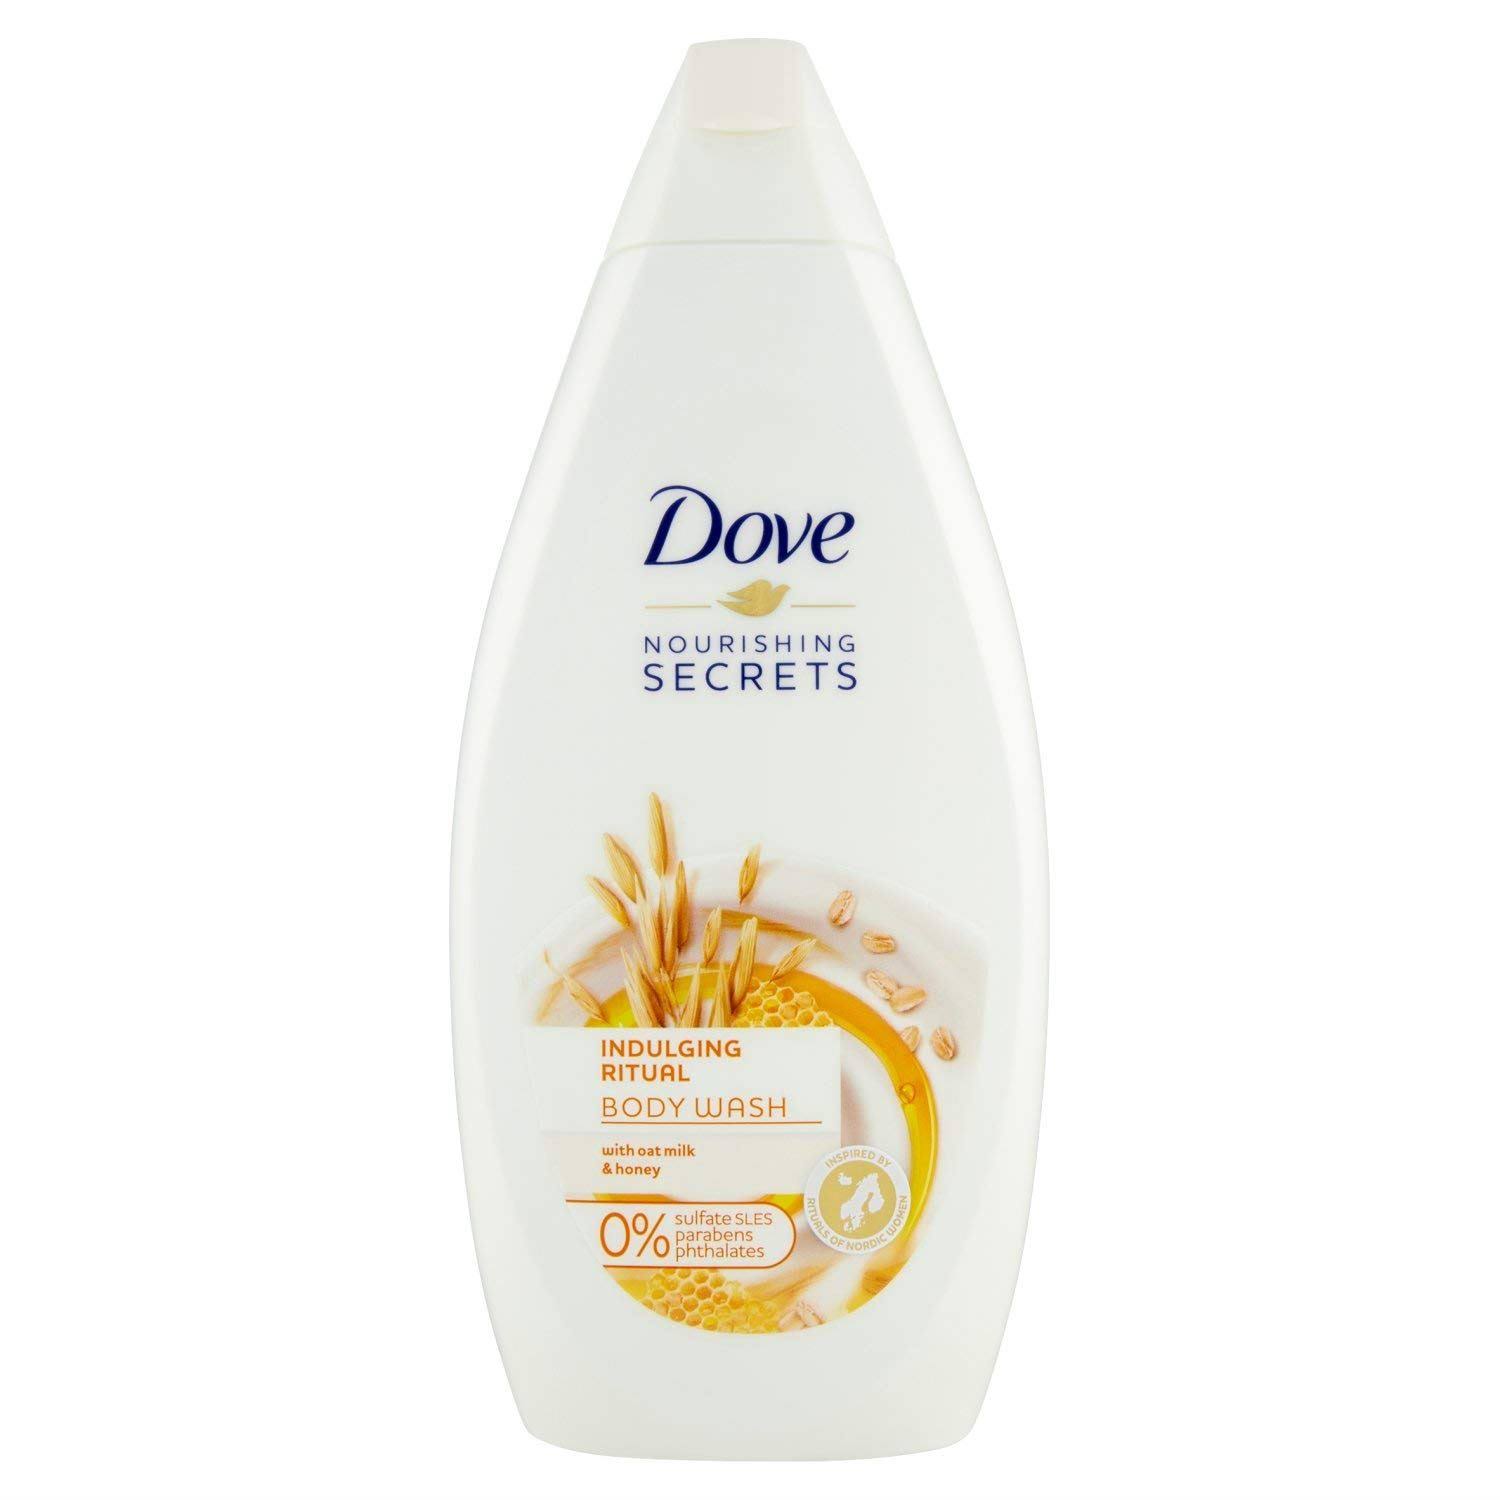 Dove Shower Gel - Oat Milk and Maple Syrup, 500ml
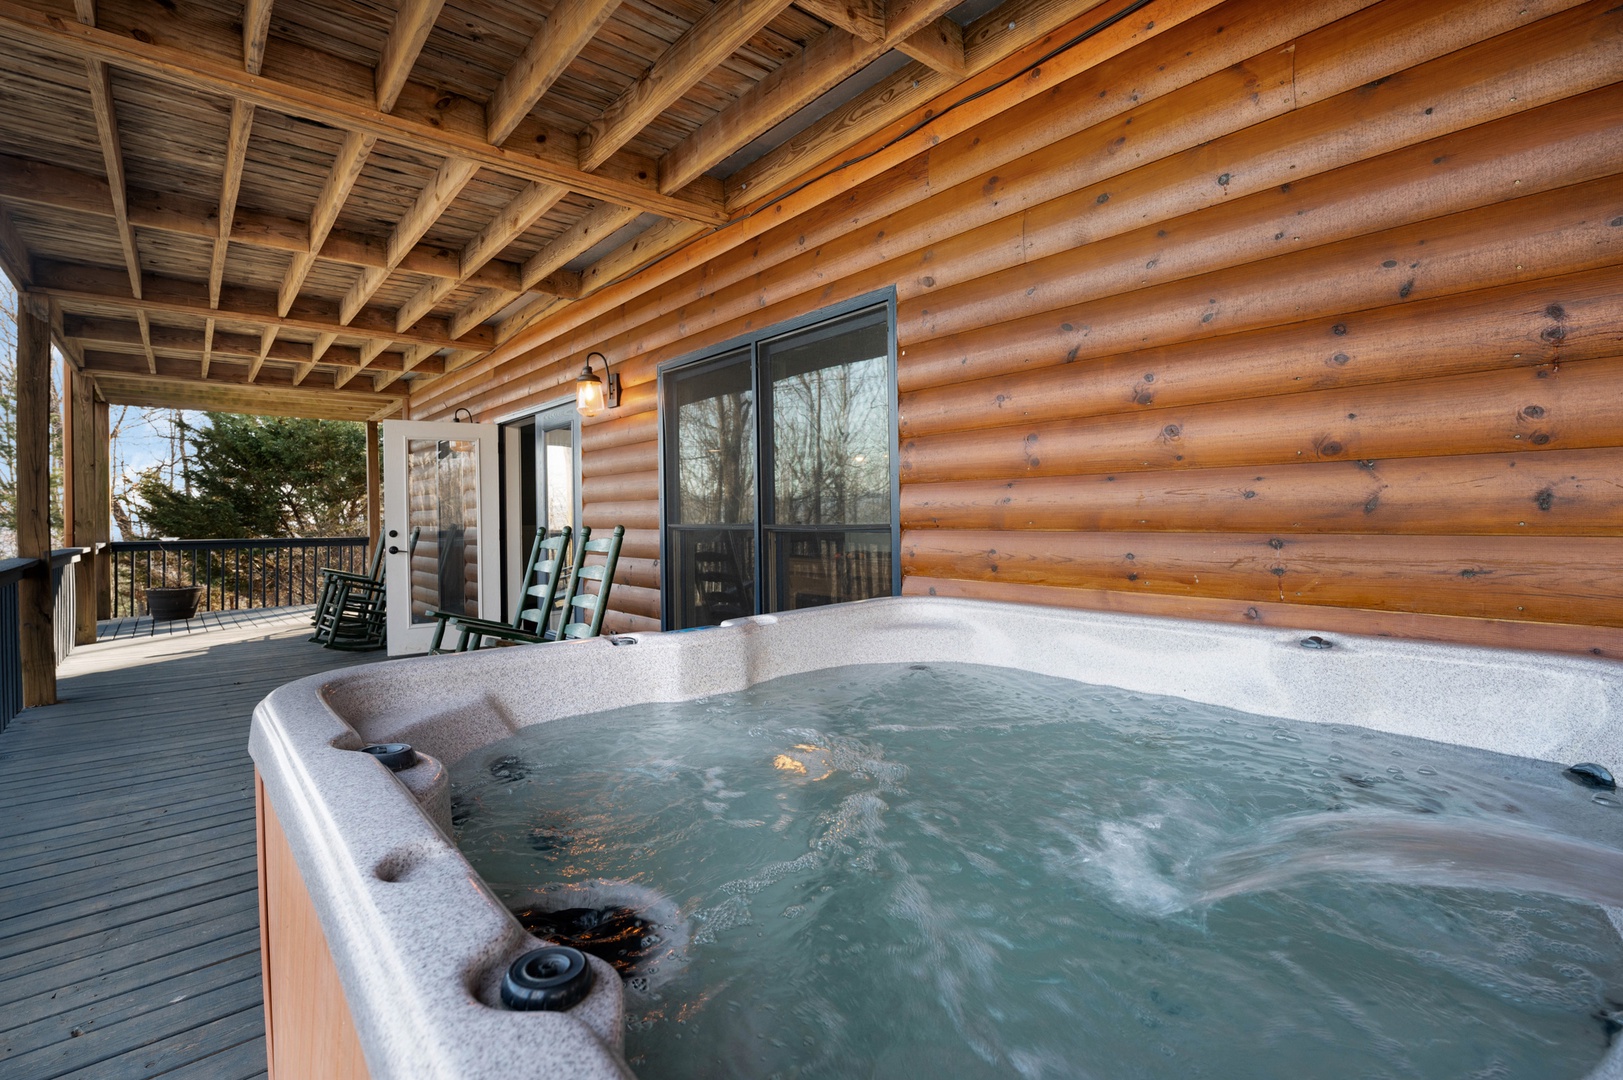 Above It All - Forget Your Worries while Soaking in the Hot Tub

* * *

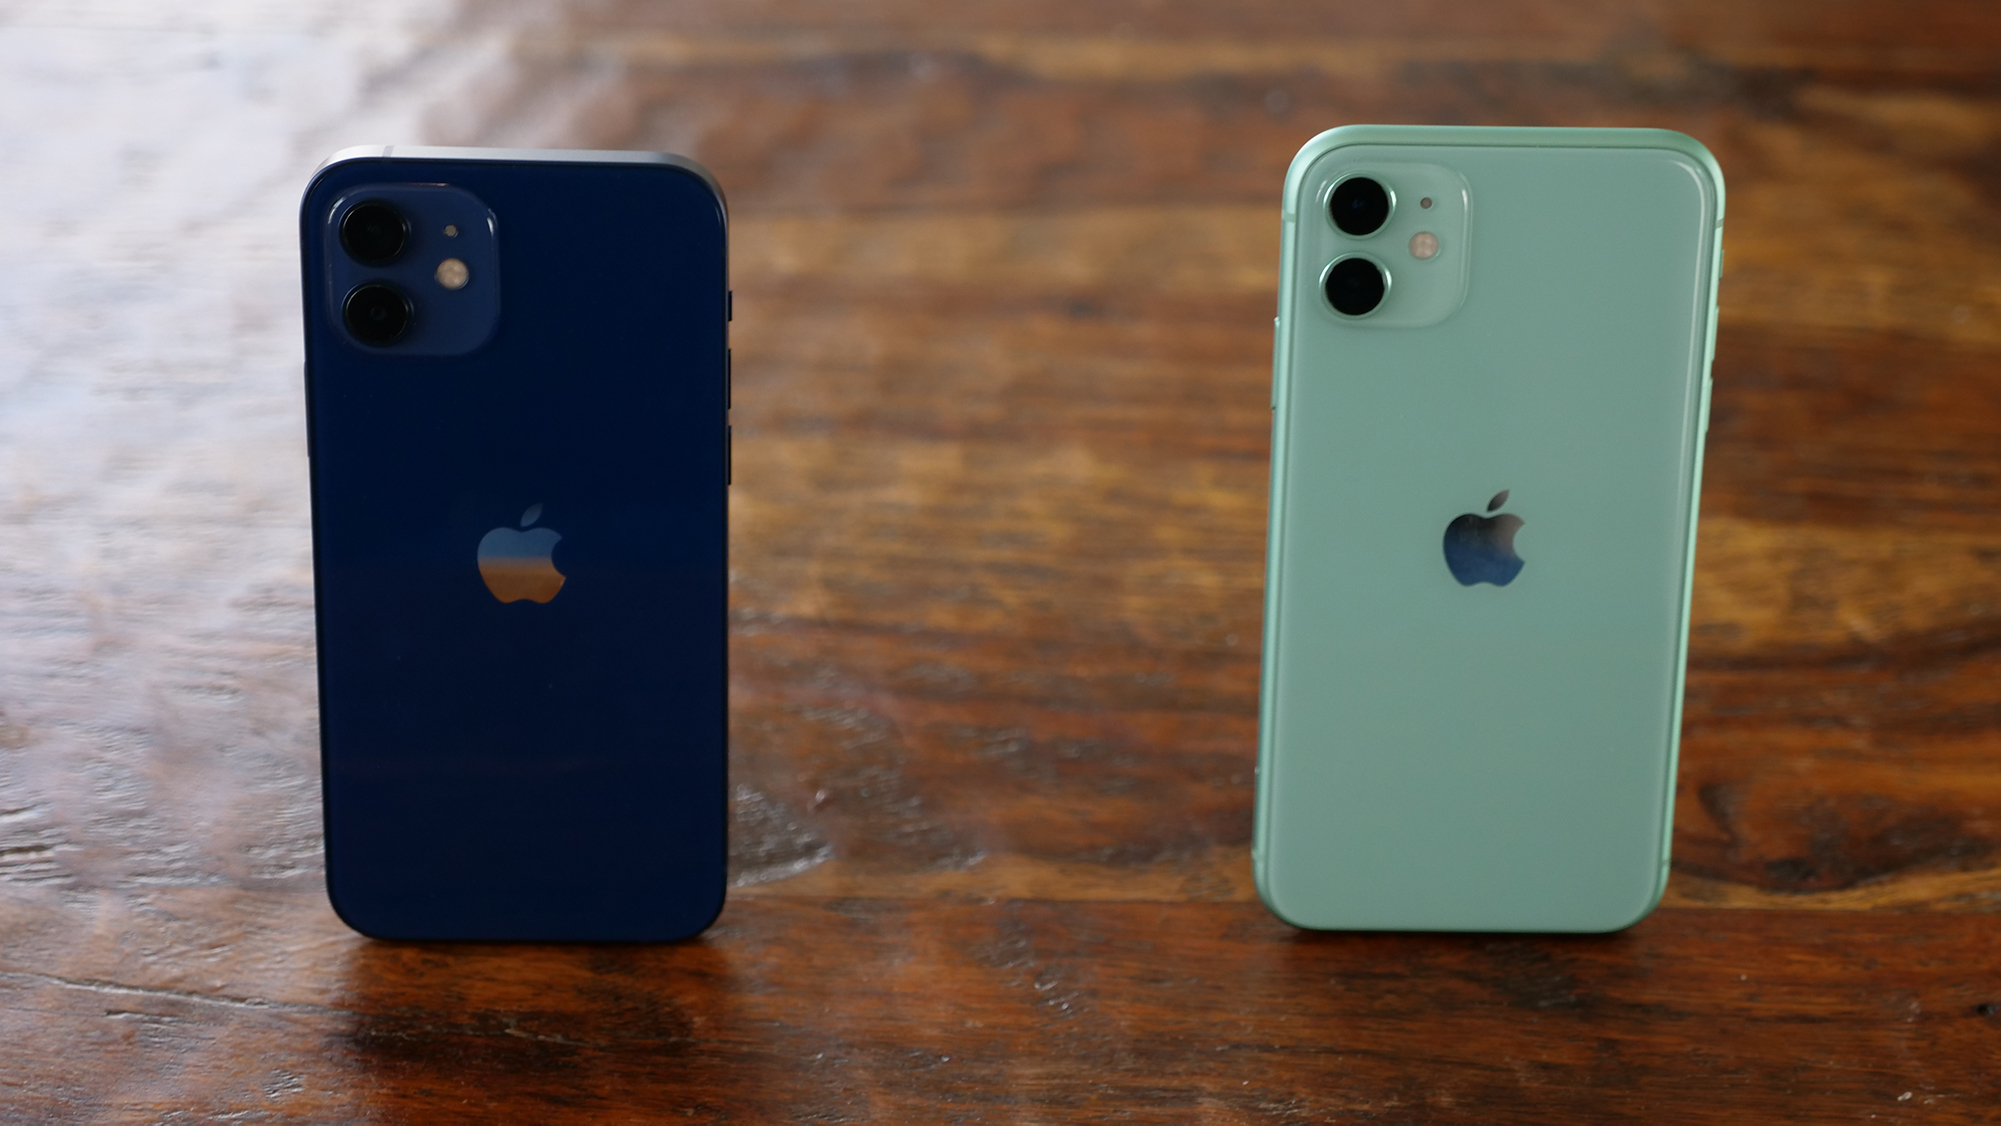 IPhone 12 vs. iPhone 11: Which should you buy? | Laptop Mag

* * *

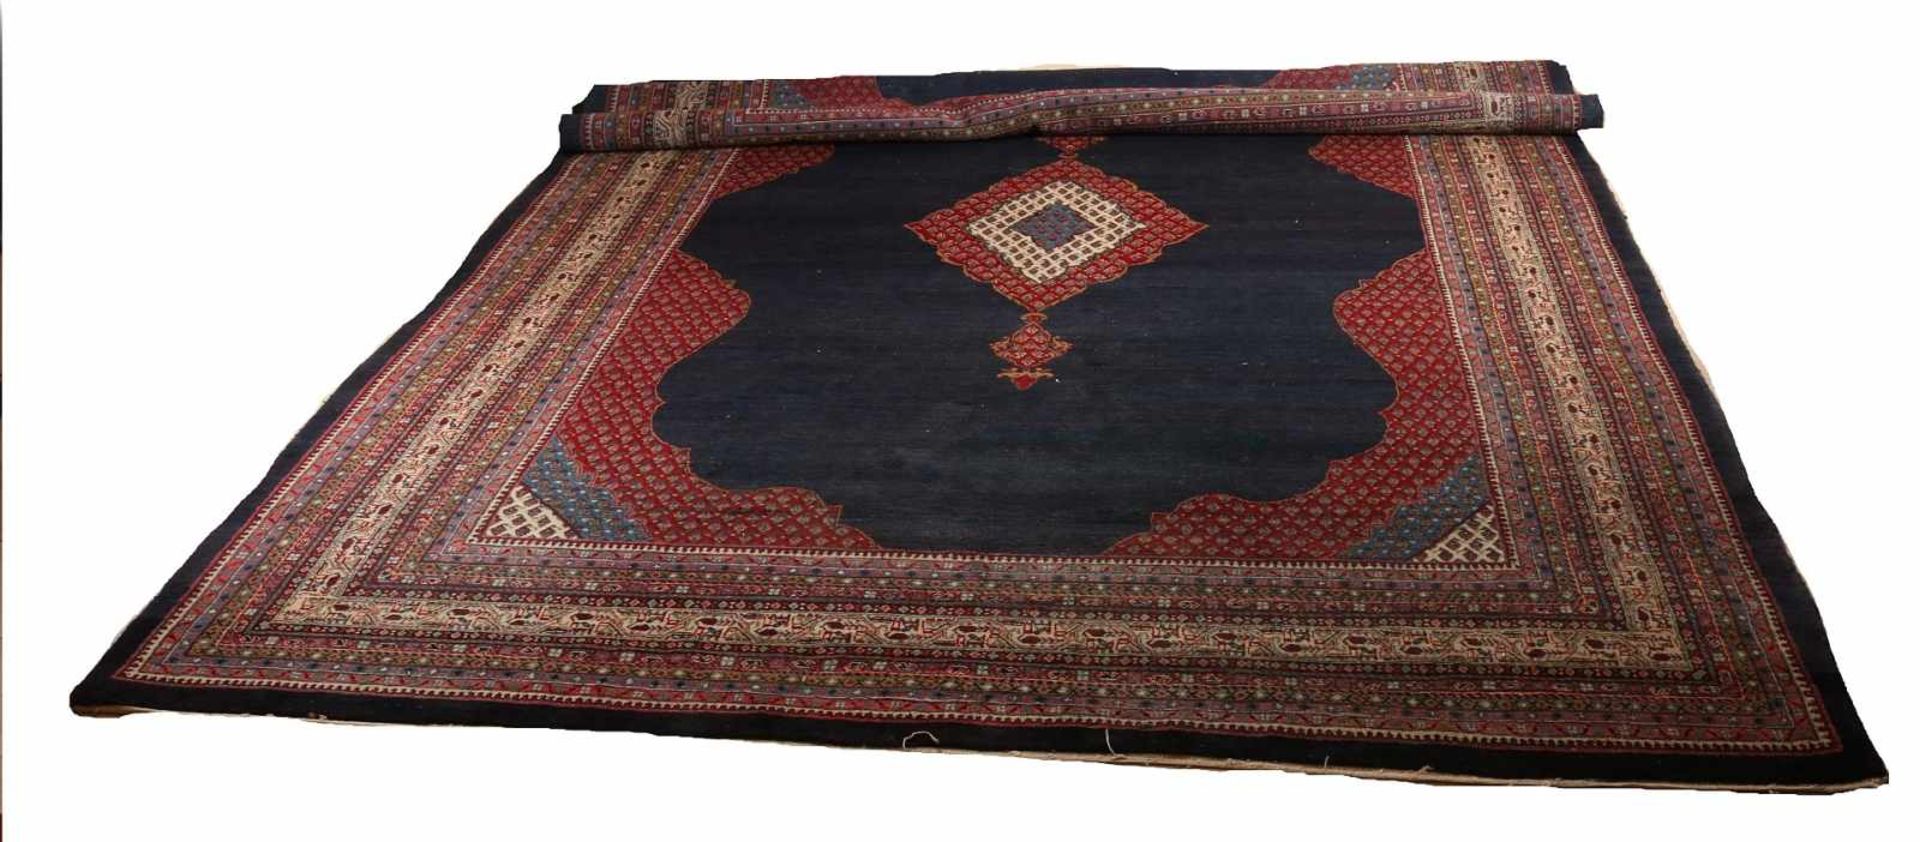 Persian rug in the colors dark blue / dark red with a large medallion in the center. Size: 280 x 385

How to complete this task: The lines to set down run from the line with "Dove Shower Gel" up to and including the line with "Above It All" in the entries above. Reproduce them exactly, with no pictures.

Exercise output:
 Dove Shower Gel - Oat Milk and Maple Syrup, 500ml
 Above It All - Forget Your Worries while Soaking in the Hot Tub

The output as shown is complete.